School tries to clear higher education obstacles Seminar targets families that rule out college

November 19, 1998|By James M. Coram | James M. Coram,SUN STAFF

Officials at Francis Key Scott High School in New Windsor will conduct a college information seminar tonight for Carroll students and parents who assume that higher education is out of the question.

"We want to show parents what resources are available," said Lorraine Fogle, the Francis Scott Key guidance counselor who designed tonight's program.

"It is our desire to see more of our students from all ethnic and racial backgrounds successfully pursue post-secondary education," Fogle said.

Many students whose parents never went to college are not planning to attend either "because most assume it is out of the question because of financing," she said. "We want to encourage more to attend."

Traditionally, such students and their parents did not attend the college information nights that each Carroll high school provides in January, Fogle said.

"We have not gotten a lot of participation from first-generation college students" -- especially minority students, she said.

Financial aid will be high on the list of topics discussed tonight.
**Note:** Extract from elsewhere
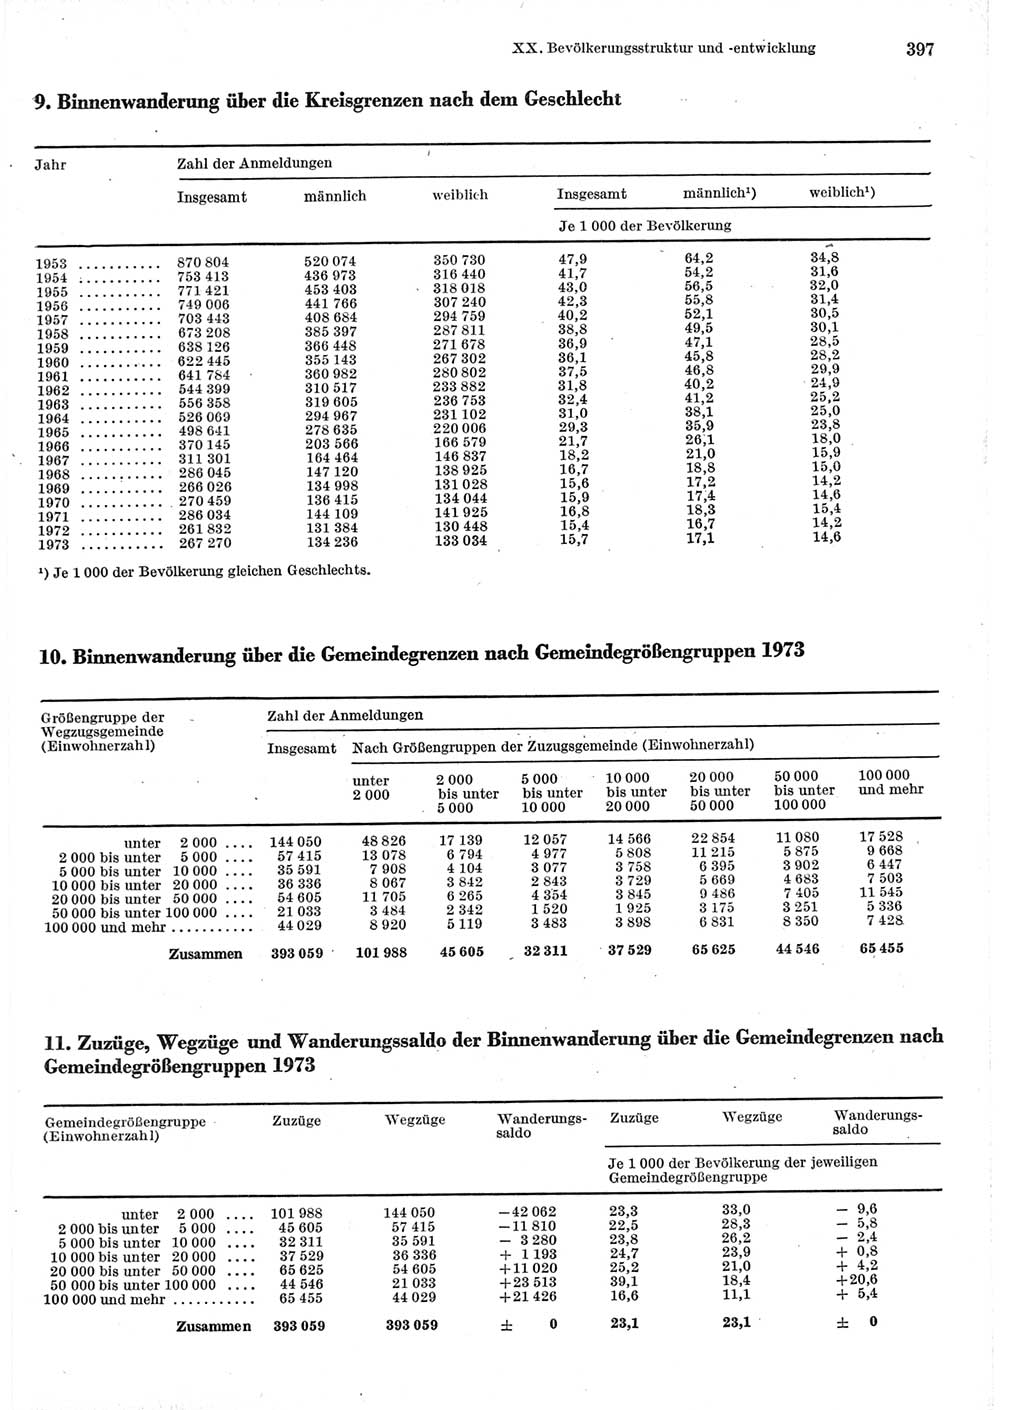 Statistisches Jahrbuch der Deutschen Demokratischen Republik (DDR) 1975, Seite 397 (Stat. Jb. DDR 1975, S. 397)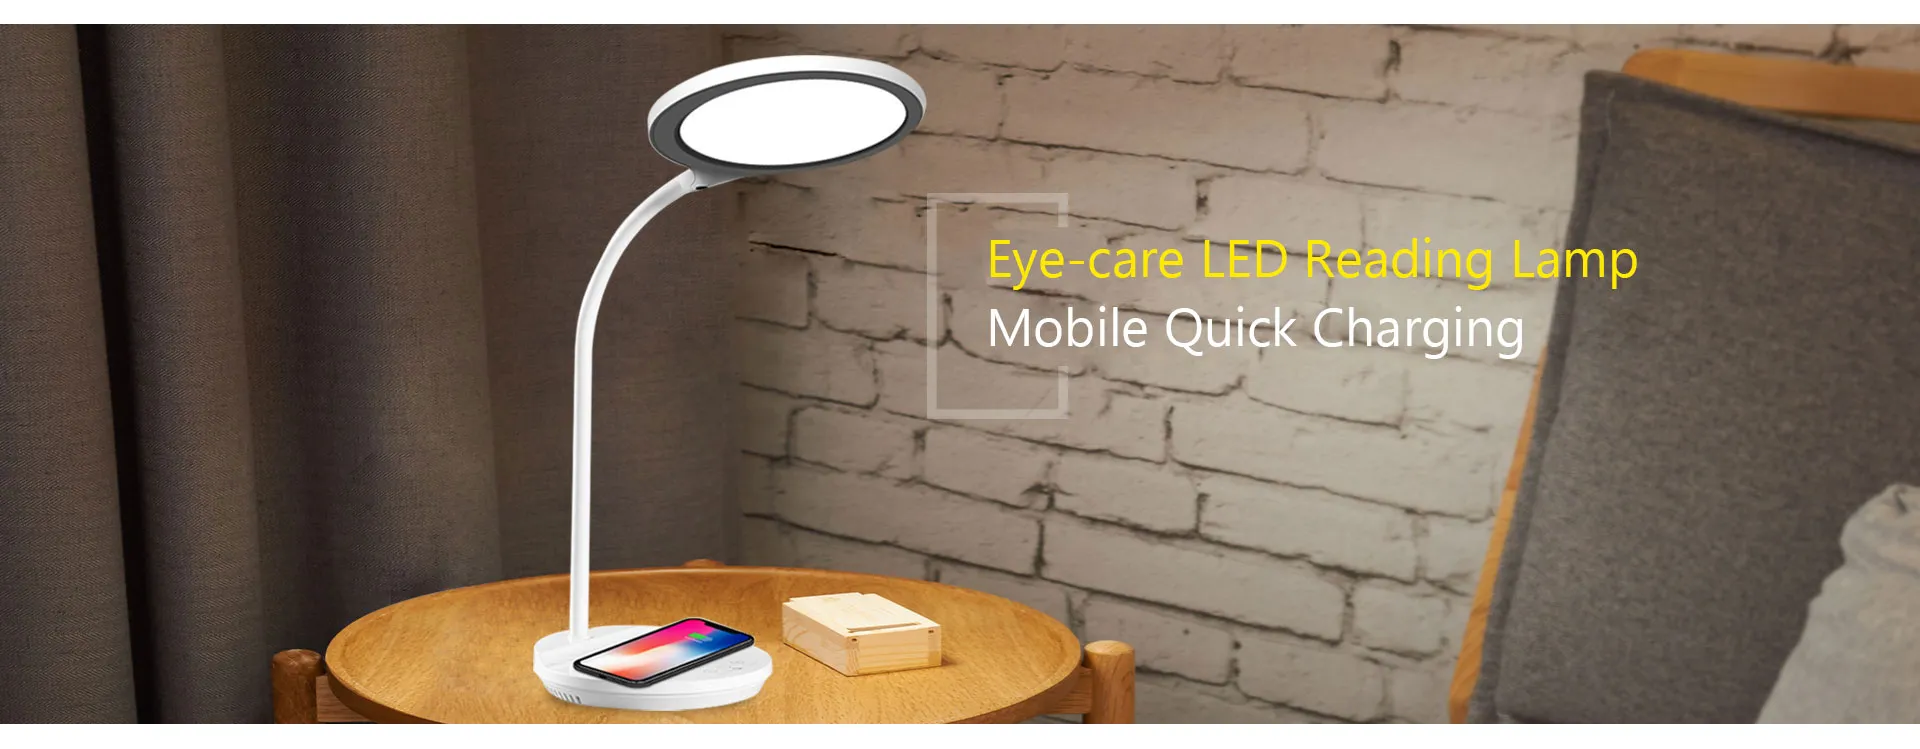 Eye-care LED Reading Lamp

"We want to provide enough information that students and their parents can make a more informed choice" about whether to attend college, Fogle said.

Fogle, who has been at Francis Scott Key for three years, came up with the idea of tonight's program after visiting local churches talk about sponsoring youth mentoring programs.

While making those presentations, "We had parents telling us lots of questions were not being addressed," she said. "We decided to open this up to the community.

One of the problems is that the school system needs more minority teachers, but that situation will not improve if many minority students choose not to go to college, she said.

One of tonight's goals will be to inform minority students and their parents about career opportunities available for minority educators.

Carroll's minority population -- which Fogle estimated at about 2.5 percent for African-Americans and 5 percent for all minorities -- "is such a small number that some colleges are not even recruiting" minorities in Carroll County, she said.

Fogle brought together representatives of three of Maryland's historically black colleges -- Bowie State University, Morgan State University, and Coppin State College -- to talk tonight about the advantages of attending a historically black college and about available financial aid packages.

A representative of Carroll Community College will discuss the advantages academically and financially of first attending a two-year community college.

Speakers will discuss college admission requirements and procedures, financial aid programs and "stumbling blocks in pursuing post-secondary education," Fogle said.

After the presentations, students and their parents can meet with representatives individually, including someone who will answer questions about what learning-disabled students should consider when selecting a college, Fogle said.

Although the seminar is designed especially for minority students and their parents, everyone from middle school and older is invited, she said.

The program will begin at 7 p.m. in the school cafeteria.